Larger Pangenomes

Although a nice example, the settings for the small, highly-diverse DRB1-3123 gene in the human HLA are typically too sensitive when building whole genomes. # TODO add link to first quick start example.

In practice, we usually need to set -s much higher, up to 50000 or 100000 depending on context, to ensure that the resulting graphs maintain a structure reflective of the underlying homology of large regions of the genome, and not spurious matches caused by small repeats.

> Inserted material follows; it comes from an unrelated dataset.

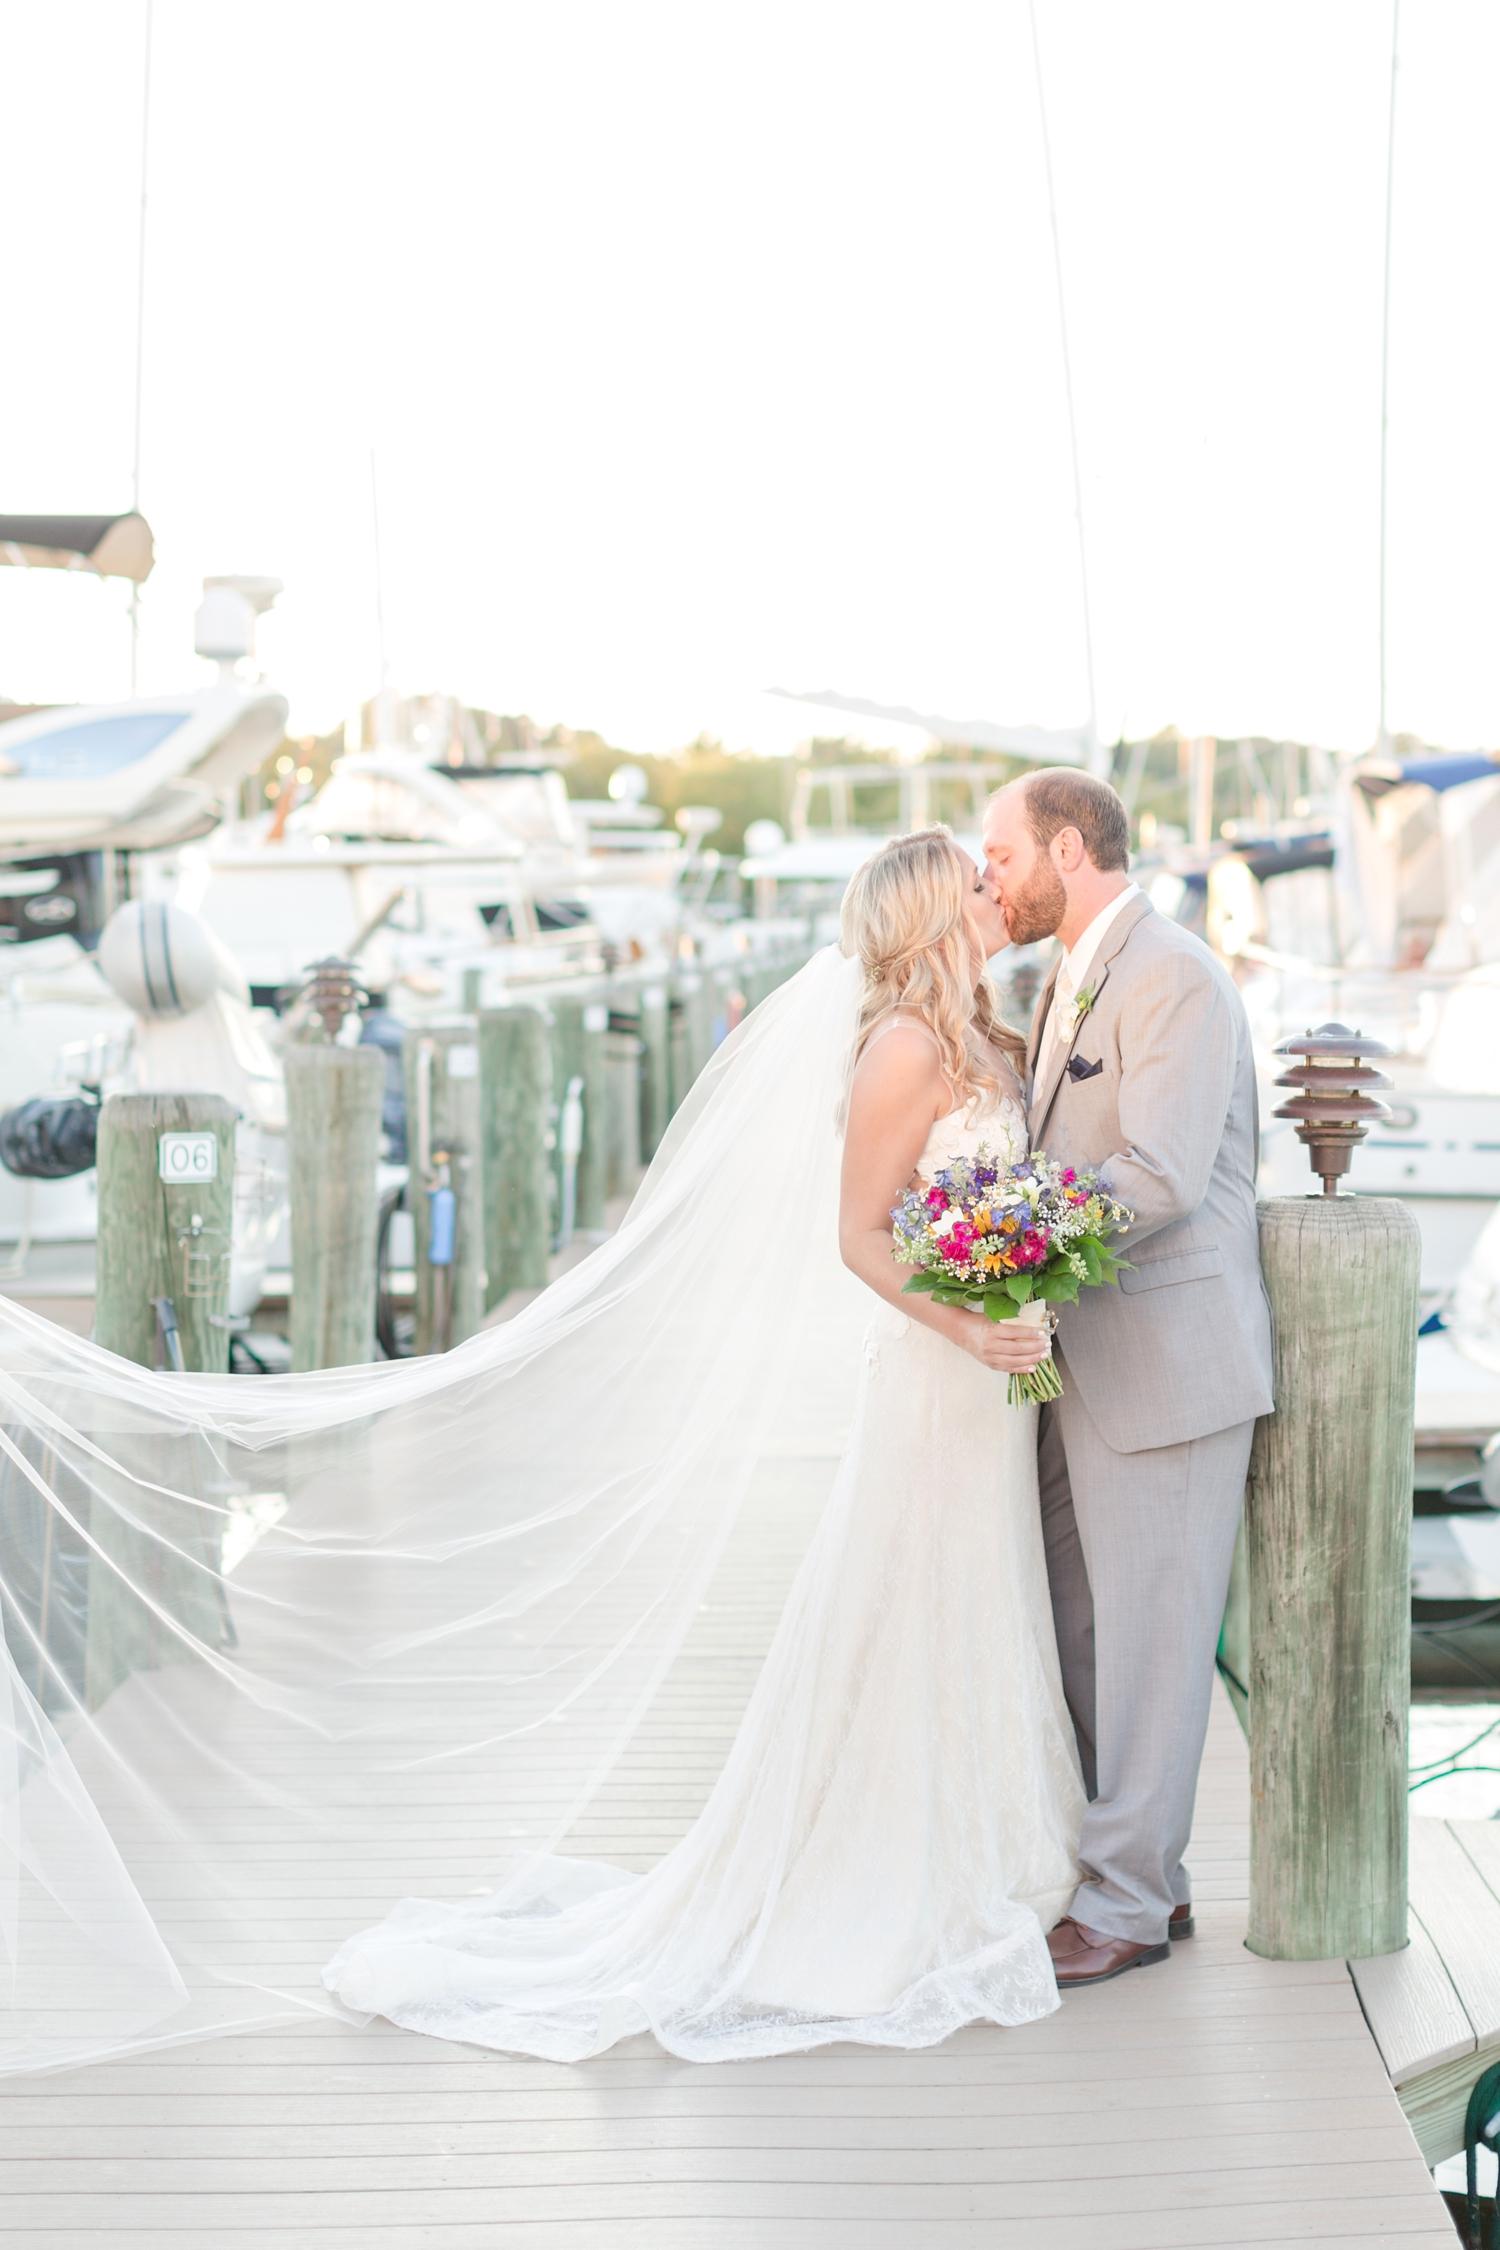 LANG WEDDING HIGHGLIGHTS-307_maryland-and-virginia-wedding-photographer-anna-grace-photography-photo.jpg

To ensure that we only get high-quality alignments, we might need to set -p higher, near the expected pairwise diversity of the sequences we're using (including structural variants in the diversity metric). In general, increasing -s, and -p decreases runtime and memory usage. However, it also decreases the compression of the graph.

For instance, a good setting for 10-20 genomes from the same species, with diversity from 1-5% would be -s 100000 -p 90 -n 10. However, if we wanted to include genomes from another species with higher divergence (say 20%), we might use -s 100000 -p 70 -n 10. The exact configuration depends on the application, and testing must be used to determine what is appropriate for a given study.

When abPOA digests very complex and deep blocks, it might consume a huge amount of memory. This can be addressed with -T to specifically control the number of threads during the POA step. This leads to a lower memory consumption.